Introduction

Arbuscular mycorrhizal (AM) fungi form an obligate symbiosis with 80% of plant species worldwide, including the majority of agricultural crops such as maize, wheat, rice and soybean (Smith and Read, 2008). There exist far fewer AM fungi worldwide (~300 morphospecies) than plant species (Smith and Read, 2008), and the majority of AM fungi are host generalists that occur on multiple continents (Davison et al., 2015). Despite this superficial tractability, understanding their community assembly has proven difficult. First, intraspecific variability in traits such as plant growth stimulation and phosphate uptake can be large (Munkvold et al., 2004; Koch et al., 2017), limiting the value of species-based community analysis to understand functioning. Second, assembly processes are highly scale dependent in that fundamentally different processes (for example, interspecific interactions, dispersal limitation, environmental filtering) operate at different spatial scales (Dumbrell et al., 2010; Johnson et al., 2010; Peay et al., 2016; Vályi et al., 2016). Third, commonly used rRNA markers to identify AM fungi have a coarse resolution, which could swamp ecological signal (for example, Bruns and Taylor, 2016). Either of these difficulties, technical or ecological in nature, may result in failure to find existing ecological patterns or to generalize findings from one study to another. This may strongly limit our understanding of how AM fungal communities assemble, function and respond to their environment.

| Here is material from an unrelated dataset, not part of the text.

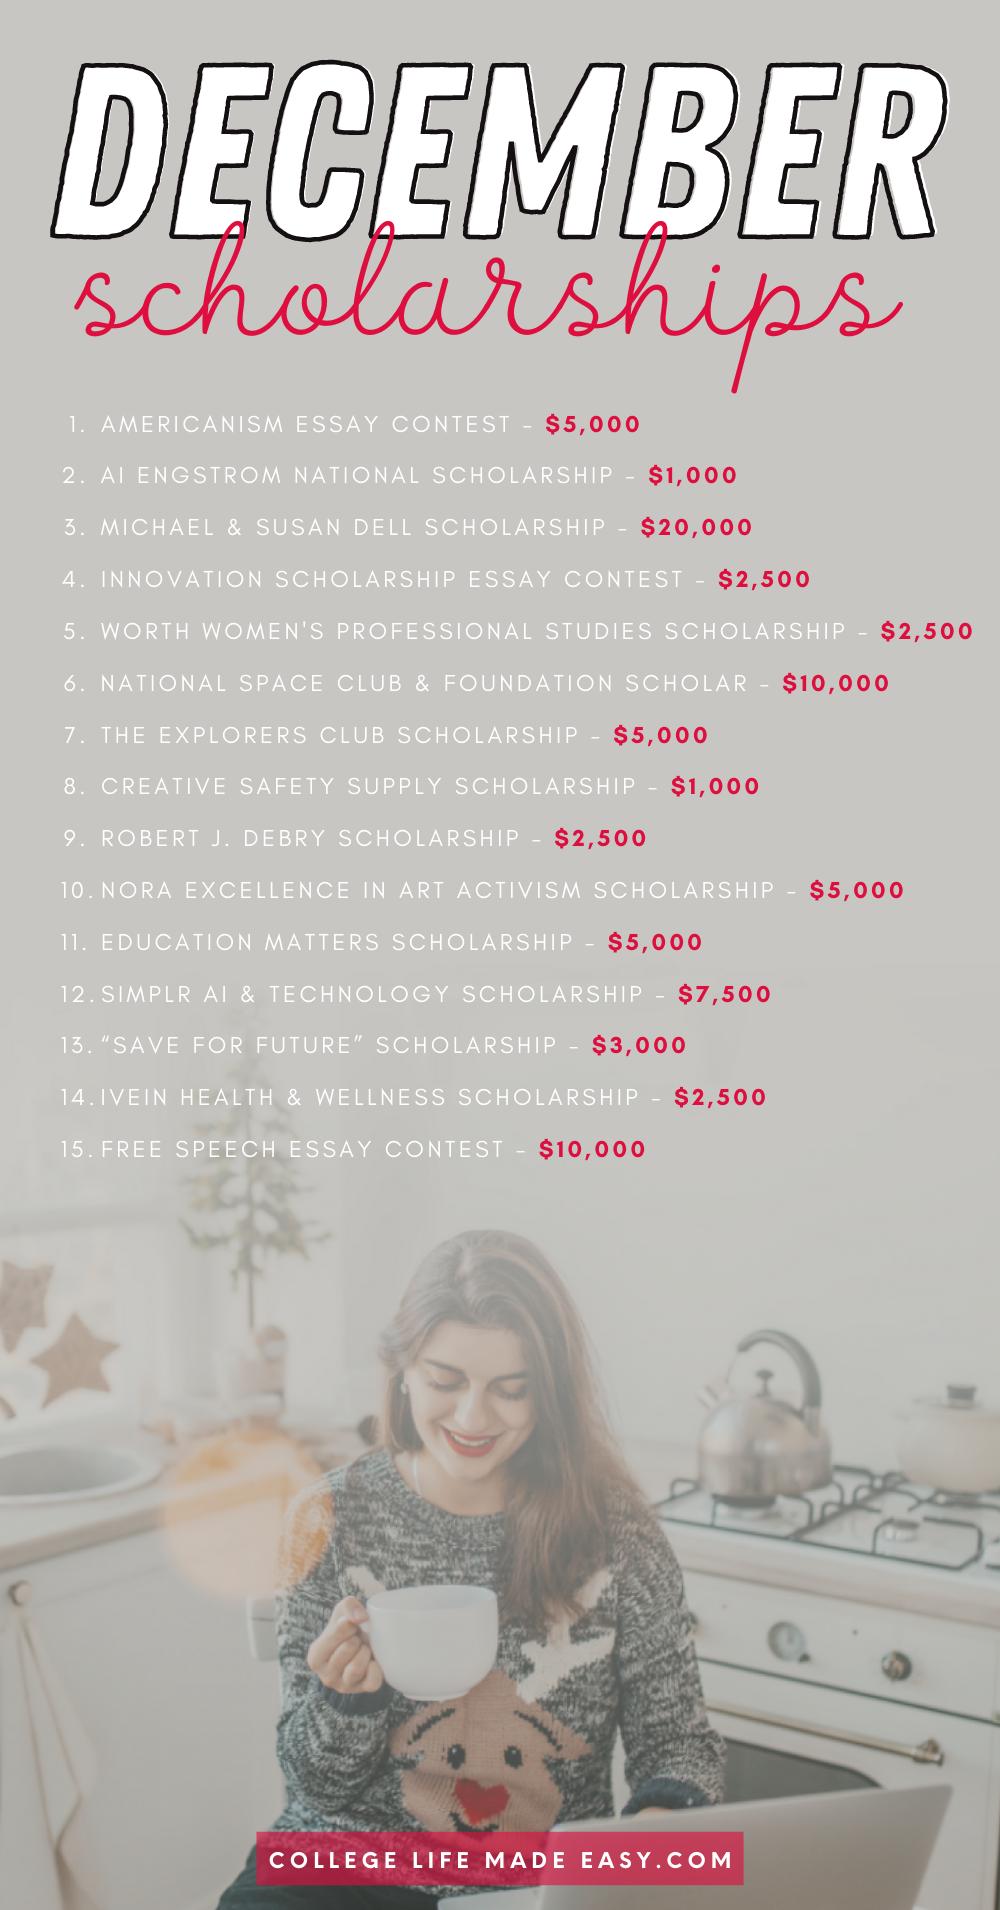 December scholarships infographic list

Recent analysis of the human microbiome has shown that some bacterial communities associated with humans (for example, gut and oral inhabitants) exhibit universal ‘dynamics’ (Bashan et al., 2016). That is, interactions among microbes themselves, and their environment, are not fundamentally altered between subjects (Faust and Raes, 2016). The method by which this was assessed was ‘dissimilarity–overlap curve’ (DOC) analysis where communities that have high overlap of taxa should become increasingly similar if these taxa interact in a similar way across subjects (see Figure 1). DOC analysis holds promise to test whether a census of a community can inform a reasonable prediction of a second community, which implies that there are regularities in their community assembly. If this holds true for AM fungal communities across large spatial scales, it would suggest that taxa within AM fungal communities interact in a similar manner and that this pattern is discernable at the coarse genetic resolution obtained through parallel sequencing.

Figure 1
figure 1

Conceptual representation of possible relationships between community overlap and distance. Bars represent a community in which each different color represents a different OTU. In each instance, two communities are compared that vary from low (a, c) to high (b, d) overlap and low (c, d) and high (a, b) dissimilarity of the fraction of the community that overlaps. A combination of situation (a) and (d) will lead to a negative DOC, as here an increase of community overlap is associated with a decreasing dissimilarity of these communities. A potential explanation for such a pattern is that in situation (a) the relative abundances of overlapping OTUs is as much shaped by the non-overlapping OTUs as by those that overlap, leading to a large dissimilarity of the overlapping taxa. In situation (d), a large fraction of the community has overlapping taxa leading to a convergence of relative abundance of taxa if they interact similarly, resulting in low dissimilarity.

Materials and methods

Sample selection and characteristics

We collected data sets representing AM fungal communities of a relatively large number of independent sites each. Studies were selected based on the following criteria: (1) a portion of the small subunit rRNA gene of AM fungi was targeted and sequenced using high-throughput methods. (2) Given the focus on larger scales, studies had to represent a minimum of 20 sites that preferably spanned a large distance, that is, not be part of one contiguous landscape. (3) Sites should represent the same ecosystem or vegetation, that is, grassland, or forest, or grow the same crop species; furthermore, when multiple studies represented the same geographical unit (for example, country) preference was given to the data set having the largest sequencing depth and/or sites. Communities were only compared within a study to control for differences in sampling, DNA isolation procedure, primers used and potentially other confounding lab-specific factors. Studies were selected using prior knowledge of recent publications and through searching Web of Science and Google Scholar.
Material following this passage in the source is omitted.